Quantity vs Quality: Are you missing the point?
I am always fascinated by the quantity vs quality argument, not just as a content creator, but as it relates to productive work. A school of thought believes the more you do, the faster you get to the results. And the Pareto school of thought (am a student) believes you just have to focus 80% of your efforts on the 20%.
Let’s come back to content. To compete in the big leagues, it is said, you have to produce 6 articles each week and each article needs to be at least 1,500 words long. That’s about 9,000+ words every week. It’s a lot of words, almost like writing a new 30-page book every week. This is easy for big brands, who have up to 10 freelancers working on different aspects of content production.
But why? Is content all that?
Real estate, like many revenue generating businesses has grown much competitive than it was 10 years ago. And 10 years from now, it’s still probably going to be competitive (likely more competitive). Big brands are leveraging authority content to retain their spots. Small brands are creating content to get their voice heard. And everyone fights for the first page on Google. And rightly so. Because Google drives about 51% of blog traffic.

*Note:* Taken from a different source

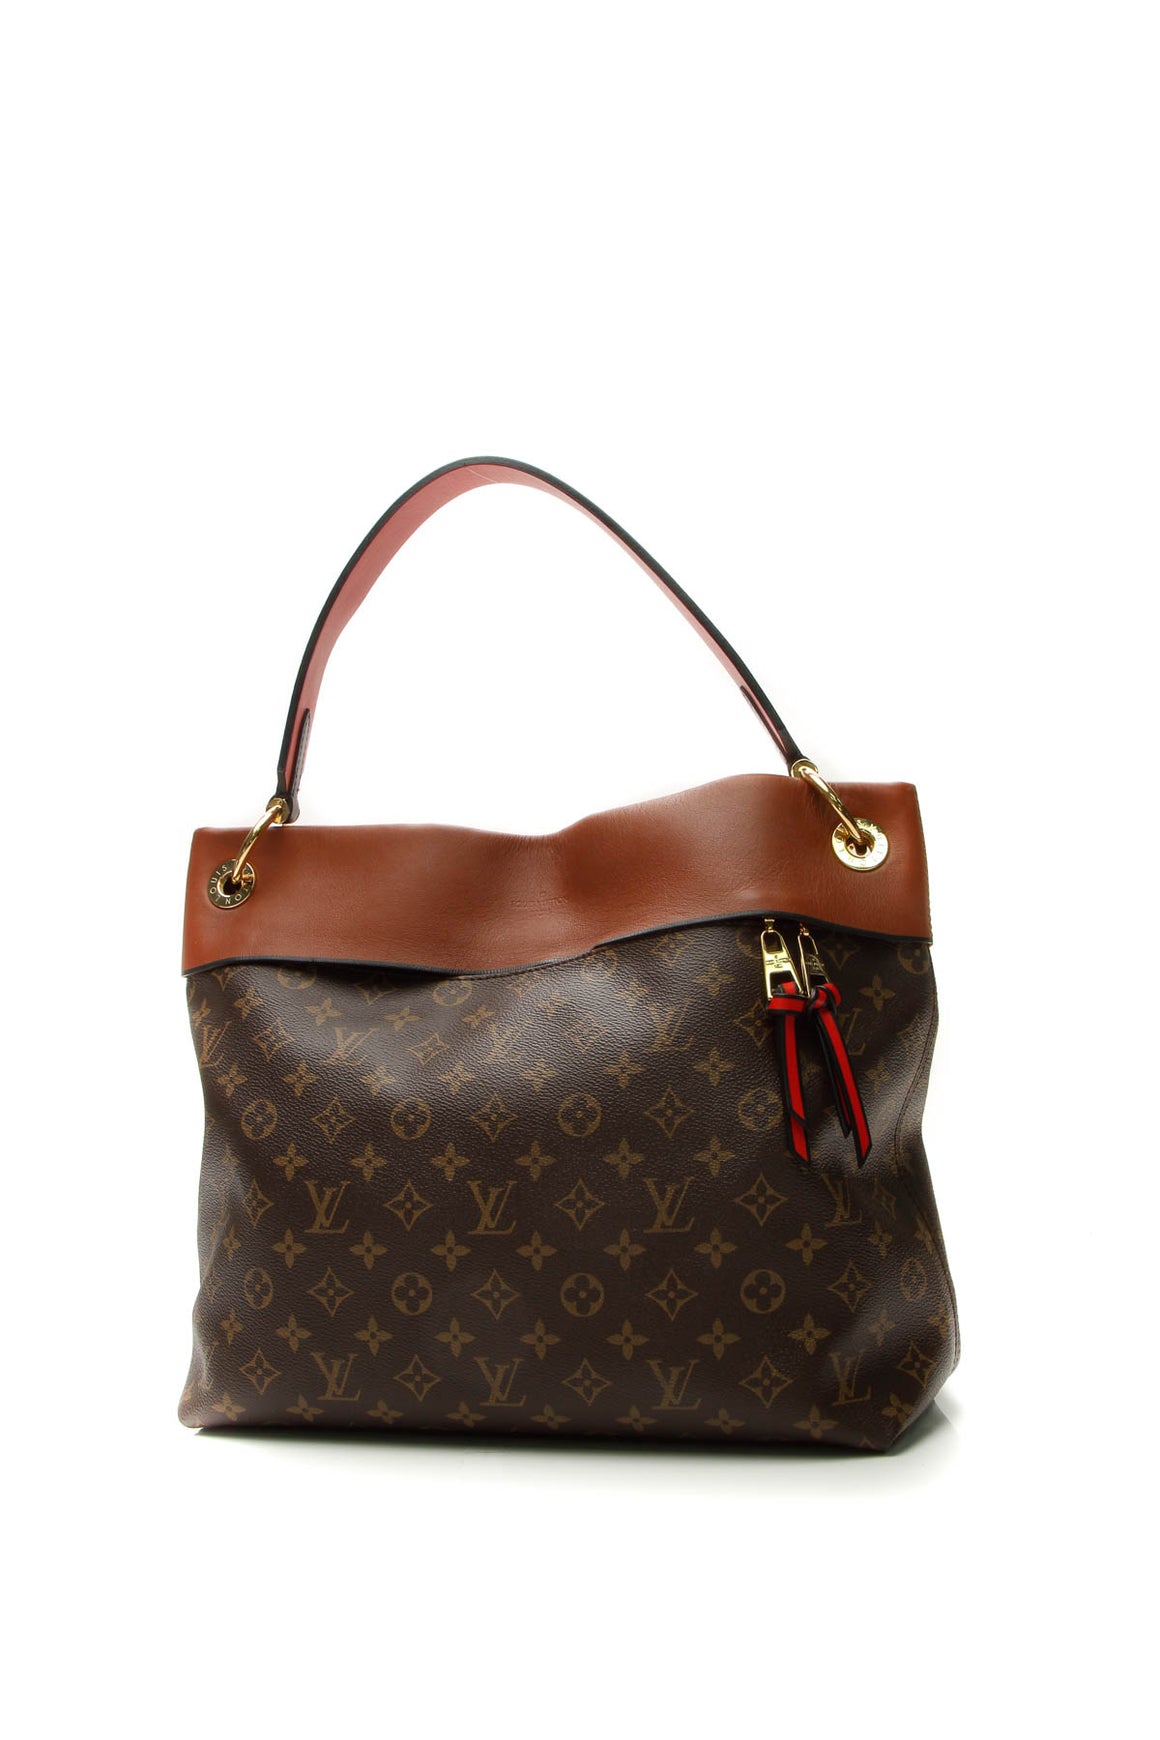 Louis Vuitton Tuileries Discontinued In Us

Note that this stat actually applied mostly to big brands with at least 8 year old domains, making at least $5 million in revenue yearly. It may not always be the case for small brands. These big brands probably have sufficient backlinks and domain age to keep their first page spots on Google. Yet, the point is SEO traffic is still a big deal in 2019. Why? People make millions of searches within minutes.
The Argument in Favor of Quantity
Using a marketing analogy, if you send out more sales pitches, you are more likely to get a sale. In that sense, you think of your content like pitches going out, the more you produce, the more your chances of getting seen by someone who probably would become a customer. In this sense, it would be better for you to create more long form posts than creating one super long post. The former would garner more SEO-benefits and get you more accumulated views in a short period.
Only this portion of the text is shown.